Lets say the following information is provided by the system administrator

URL:PORT          =>  https://hssrv2.dmawi.de:$PORT
region/location   =>  bhv
ACCESS_KEY        =>  $GRP
SECRET_KEY        =>  $SECRET
CERTS_FILE        =>  https://spaces.awi.de/download/attachments/494210152/HSM_S3gw.cert.pem

These credentials are to be adapted for each of the clients as they fit accordingly.

Please make sure to download the certificate file.

aws

Use aws configure to adapt the credentials to this tool or create the following files.

[default]
aws_access_key_id=$GRP
aws_secret_access_key=$SECRET

[default]
region = bhv
endpoint_url = https://hssrv2.dmawi.de:$PORT
ca_bundle = HSM_S3gw.cert.pem

Listing the buckets

> aws s3 ls
2024-04-06 01:11:30 testdir
> aws s3 ls s3://testdir
2024-04-06 01:11:30     385458 tmp.csv

s3cmd

s3cmd is a free command line tool and client for uploading, retrieving and managing data in Amazon S3 and other cloud storage service providers that use the S3 protocol.

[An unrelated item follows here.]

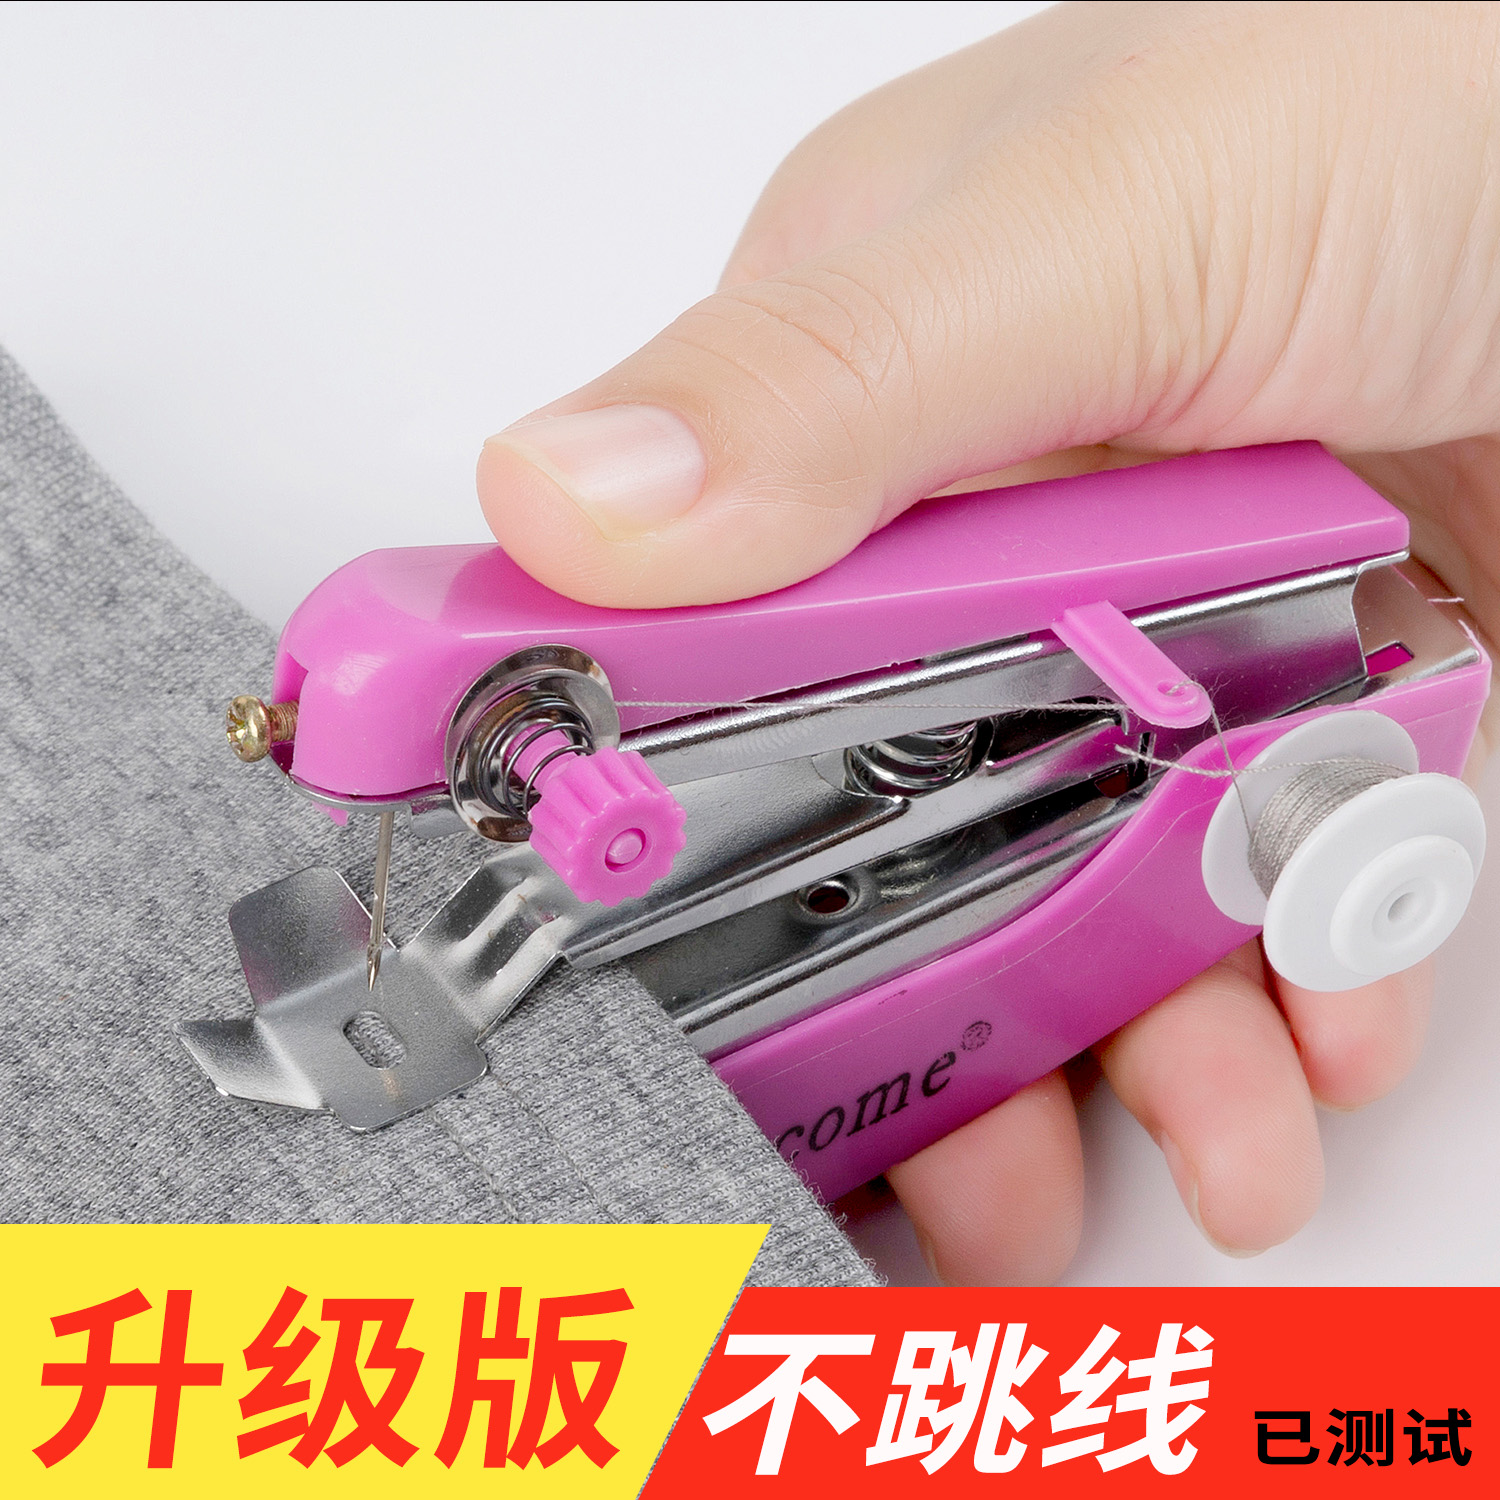 家用手持电动缝纫机DIY多功能便携迷你小型简易吃厚手工裁缝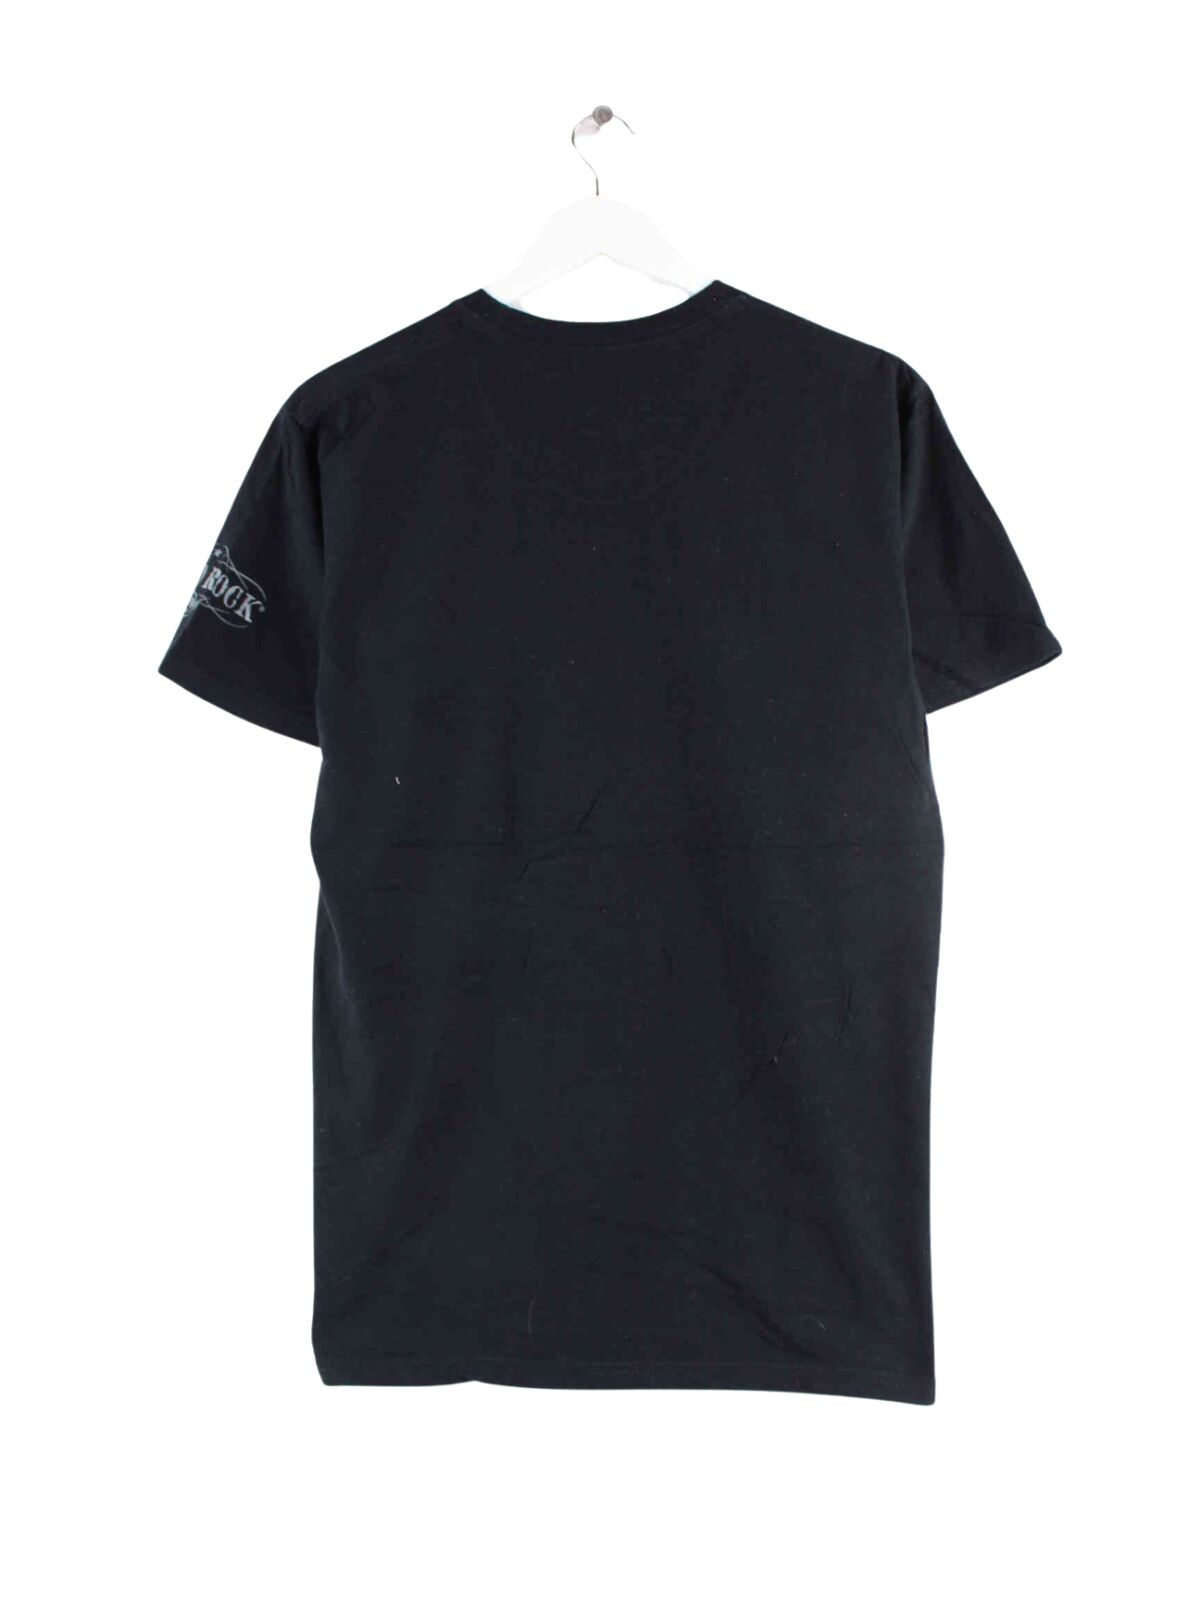 Hard Rock Cafe Print T-Shirt Schwarz M (back image)

s3cmd look for credentials at ${HOME}/.s3cfg

create the config file as follows

[default]
host_base   = hssrv2.dmawi.de:$PORT
host_bucket = hssrv2.dmawi.de:$PORT
bucket_location = bhv
access_key = $GRP
secret_key = $SECRET
use_https = Yes
ca_certs_file = HSM_S3gw.cert.pem

Listing the buckets

> s3cmd ls
2024-04-06 01:11  s3://testdir
> s3cmd ls s3://testdir
2024-04-06 01:11       385458  s3://testdir/tmp.csv

upload a directory

> s3cmd sync --stats demo-airtemp/ s3://testdir/demo-airtemp/
Done. Uploaded 5569414 bytes in 62.8 seconds, 86.61 KB/s.
Stats: Number of files transferred: 306 (5569414 bytes)

> s3cmd ls s3://testdir/demo-airtemp
                          DIR  s3://testdir/demo-airtemp/

> s3cmd ls s3://testdir/demo-airtemp/
                          DIR  s3://testdir/demo-airtemp/air/
                          DIR  s3://testdir/demo-airtemp/lat/
                          DIR  s3://testdir/demo-airtemp/lon/
                          DIR  s3://testdir/demo-airtemp/time/
2024-04-07 15:57          307  s3://testdir/demo-airtemp/.zattrs
2024-04-07 15:57           24  s3://testdir/demo-airtemp/.zgroup
2024-04-07 15:57         3969  s3://testdir/demo-airtemp/.zmetadata

Note: trailing forward-slash / matters in both listing the objects and as-well in transferring files ( `sync` ) to S3.

s3fs

`s3fs` is a Python library to talk to S3.
It builds on top of `botocore`.
parts of the library uses `fsspec` to map to S3.

Features the following:

`s3fs.S3Filesystem` for file system operations (ls, remove, du, ...)
`s3fs.S3Map` for python dictionary like access (key --> value)
`s3fs.S3File` for file-like object (read, write, seek, ...)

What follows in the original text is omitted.